Tuesday, April 19, 2016

Reaching a conclusion

The series starts here

I was looking at this graph again ...

Graph #1:
... and I noticed the big clump of dots in the middle. Pretty obvious, really. Most of the dots fall between 3.0 and 5.0 (give or take) on the horizontal axis. You could think of the dots to the left of 3.0 as outliers. I think you'd be stretching it, because there's a lot of dots there, but you might argue it. Same for dots to the right of 5.0. Or 5.3 maybe, somewhere in there.

If all those leftmost outliers by some odd coincidence happened to favor the high side of RGDP growth, well, that would bring up the left end of the trendline.

And if all those rightmost outliers happened to favor the low side of RGDP growth, that would push the right end of the trendline down.

To be sure, to my eye, the leftmost dots favoring high RGDP growth and the rightmost dots favoring low RGDP growth, that's the whole point. That's what I'm trying to get you to see. I don't think they are outliers at all. I think they are evidence.

But let's say there is some unknown force or invisible hand that pulls the leftmost dots up and pushes the rightmost dots down. I don't know, maybe there is such a force. If it's unknown, you don't know it. So let's just assume (for the moment) that there is such a force affecting those outlier dots on the left and the right.

Let's add some red lines to separate the central cluster from the outliers:

Graph #2: Selecting the central cluster, and calling the rest "outliers"
In Excel, if you hover over one of the dots, a little window pops up to identify the point and tell you the values. A nice little window, not like that big clunky thing you get at FRED. I used that little window to determine the outlier values I would ignore. I'm ignoring everything to the left of 3.25 on the horizontal axis, and everything to the right of 5.25.

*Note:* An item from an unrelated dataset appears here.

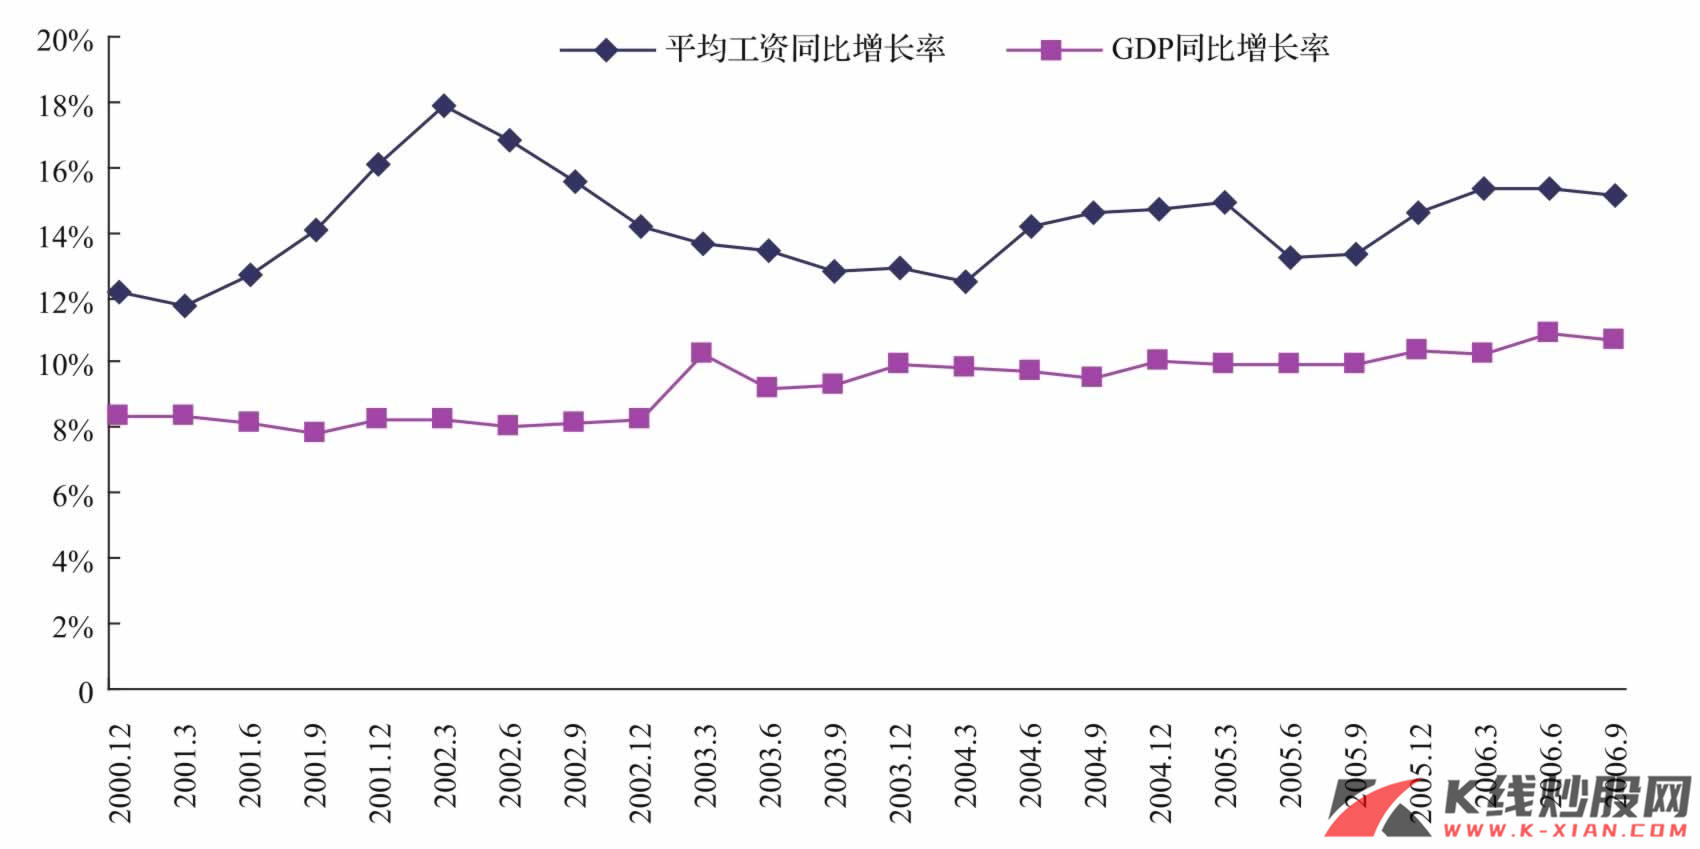 中国的平均工资同比增长率和GDP同比增长率

The line at 3.25 was a tight fit!

Okay, so I sorted the data in Excel. Sorted on the P2P ratio. That brought all the ratio values that are less than 3.25 to the top of the list. I deleted them. And from the bottom of the list I deleted all the rows with a ratio value over 5.25. So now the list includes only the dots that are between the red lines on Graph #2.

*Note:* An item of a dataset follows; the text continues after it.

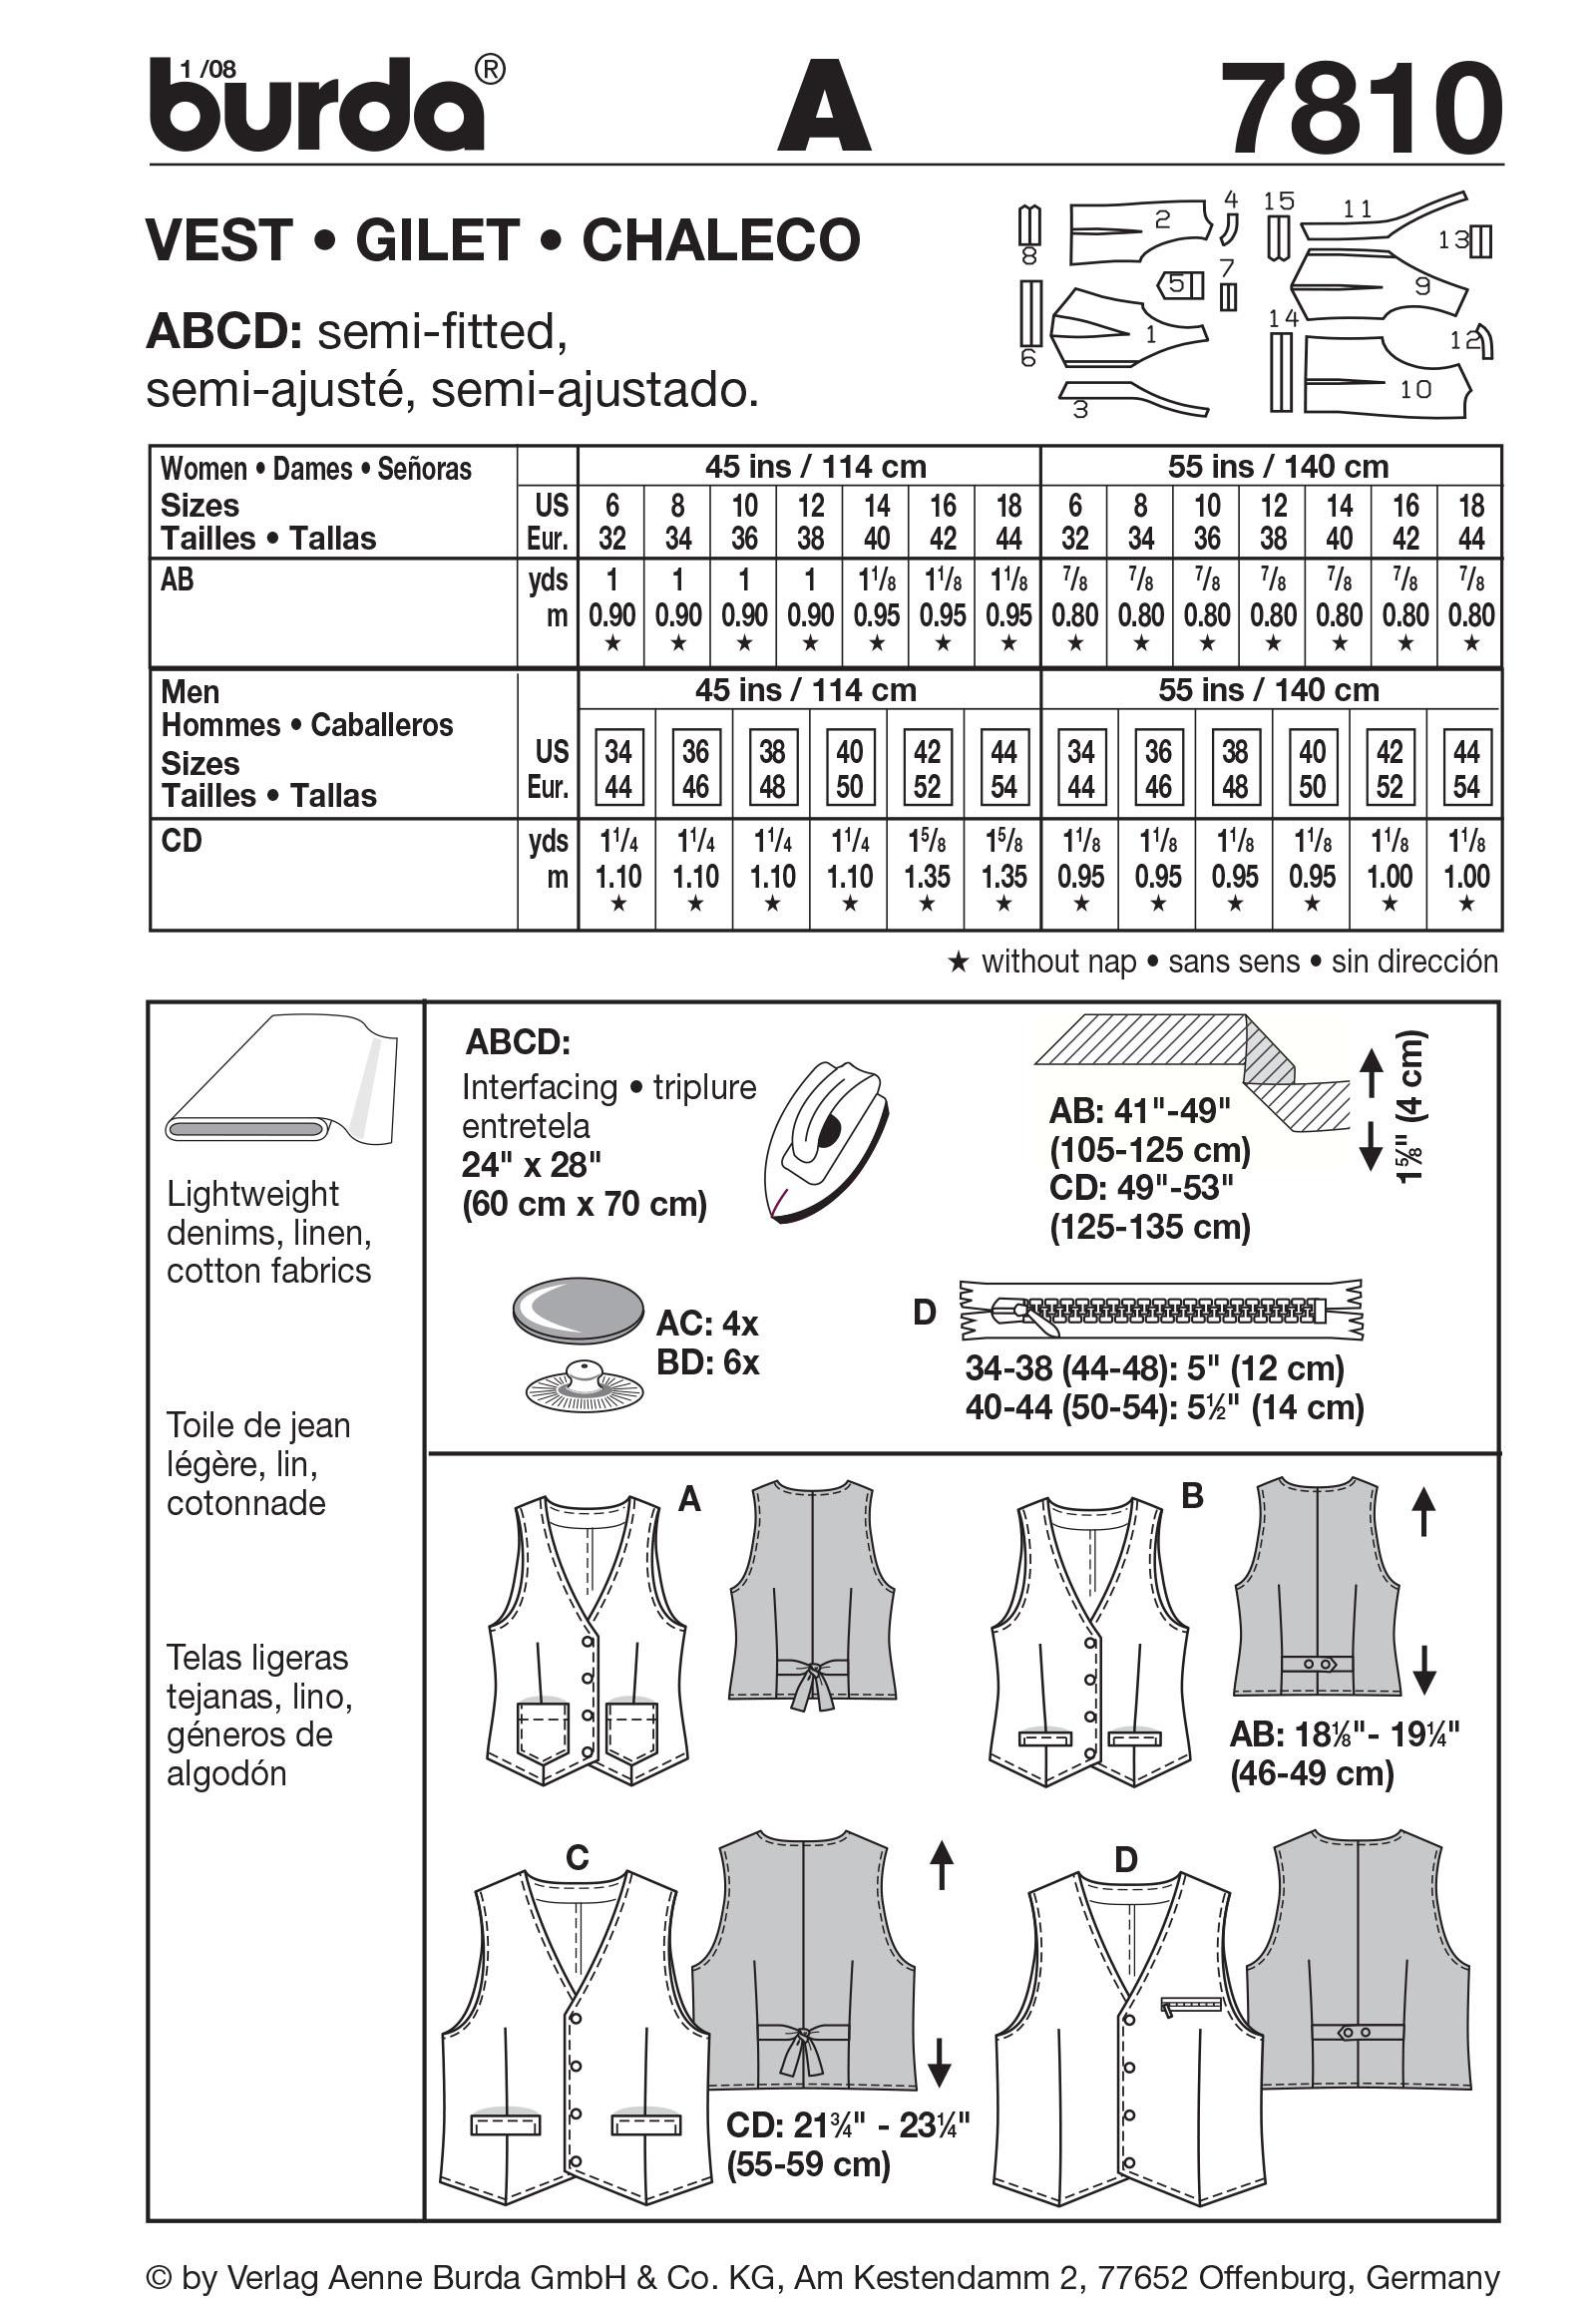 Burda B7810 Vest Sewing Pattern

Here is the graph showing the subset:

Graph #3: The Central Cluster
See the trendline? It is still higher on the left and lower on the right.
Even if we make the outrageous assumption that two thirds of the dots on the original graph are outliers, when we eliminate them and look at what's left, the graph shows that the economy performs better when the ratio of private debt to public debt is low.

There is no odd coincidence pulling the leftmost dots up. There is no invisible hand pushing the rightmost dots down. There is no such force affecting the outlier dots. The dots are not outliers. It is a low P2P ratio that pulls dots up, and a high P2P ratio that pushes dots down. The ratio of private debt to public debt affects economic growth.